Attica Locke, Heaven, My Home (Mulholland)
Attica Locke’s sequel to Bluebird, Bluebird, her Edgar-winner novel of crime and reckonings in East Texas, has a fantastic premise—Texas Ranger Darren Matthews heads out to Lake Caddo to track down the missing son of a member of the Aryan Brotherhood, but with a secret mission: to collect evidence against the boy’s father and other members of the white supremacist gang before Trump can shut down the Rangers’ investigation. As Matthews searches for the boy in the Cajun-influenced town of Jefferson and its environs, he discovers a sinister effort on the part of the Aryan Brotherhood to take over land in the near-by historic free black town of Hopetown. Steeped in the music, history, swampy bayous, and piney woods of East Texas, Locke’s latest is not to be missed. —Molly Odintz, CrimeReads associate editor
William Kent Krueger, This Tender Land (Atria)

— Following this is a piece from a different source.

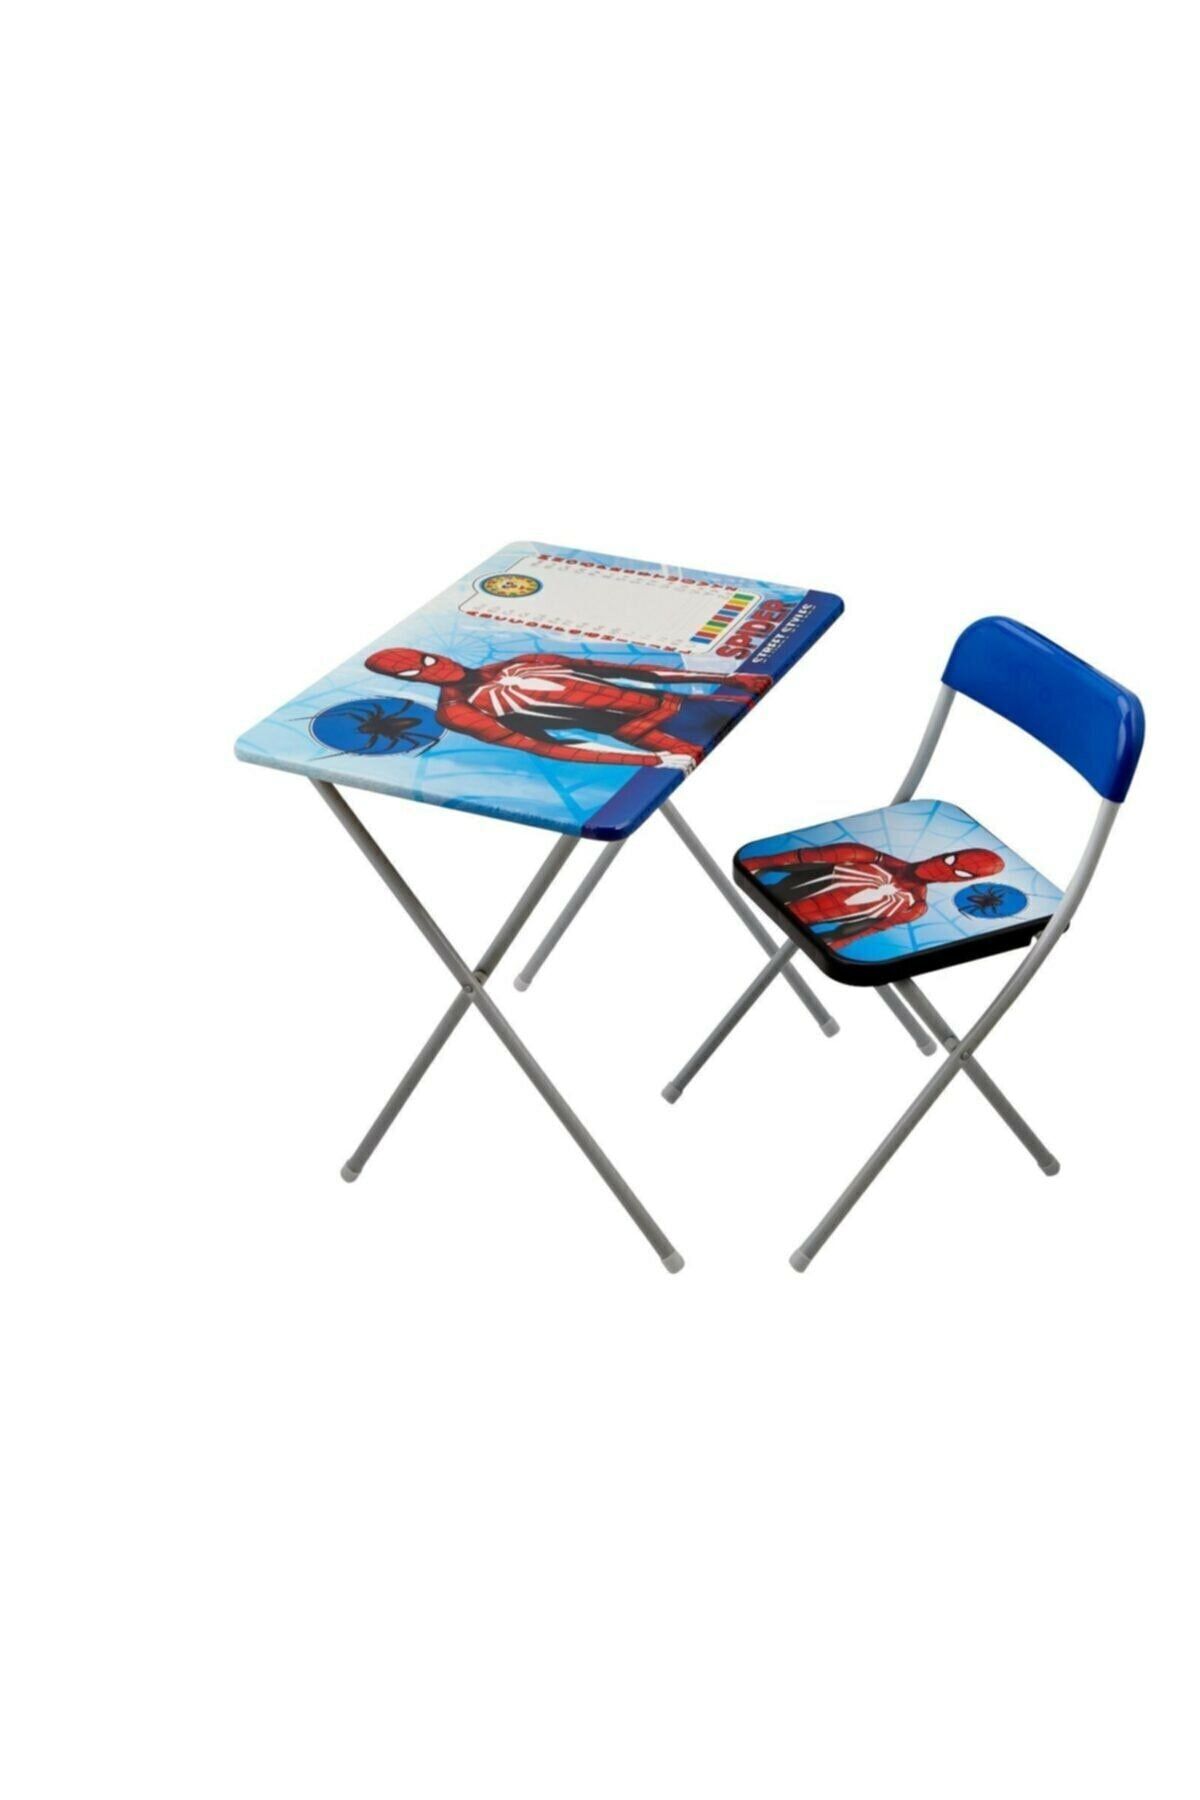 Beren Oyuncak Spider Ders Çalışma Masası. Erkek Çocuk Oyun Aktivite Masa Sandalye Seti

Krueger’s latest novel is more epic adventure than traditional thriller, but the author’s many ardent fans will be no less anticipating its fall release, as Krueger takes on a grand and ambitious story about four orphans traveling during the Great Depression after breaking free from the Lincoln School for Native American children. This Tender Land is a moving portrait of a time and place receding from the collective memory, but leaving its mark on the heart of what the nation has become.—Dwyer Murphy, CrimeReads managing editor
Paula Daly, Clear My Name (Atlantic)
Paula Daly’s Clear My Name is about a woman who works to exonerate another woman for a possible wrongful conviction of killing a woman. Unlike many of Daly’s novels, it’s not a psychological thriller, but a thoughtful, tense novel about women empathizing and identifying with one another—about looking out for each other in a world of violence and oppressors, and finding the strength to do so when things grow especially difficult.—Olivia Rutigliano, CrimeReads editorial fellow
Emma Donoghue, Akin (Little, Brown)
Emma Donoghue’s Akin is as thoughtful as it is full of surprises. An elderly man about to visit the French town of his youth finds himself caring for his estranged grandson after the boy is left without other guardians, and the two embark on a journey to France—and to the recent, and distant past. When Akin’s narrator suspects his mother of having been a Nazi informant, he and his grandson embark on an investigation that will yield more complex truths than either could have envisioned.—MO
Søren Sveistrup, The Chestnut Man (Harper)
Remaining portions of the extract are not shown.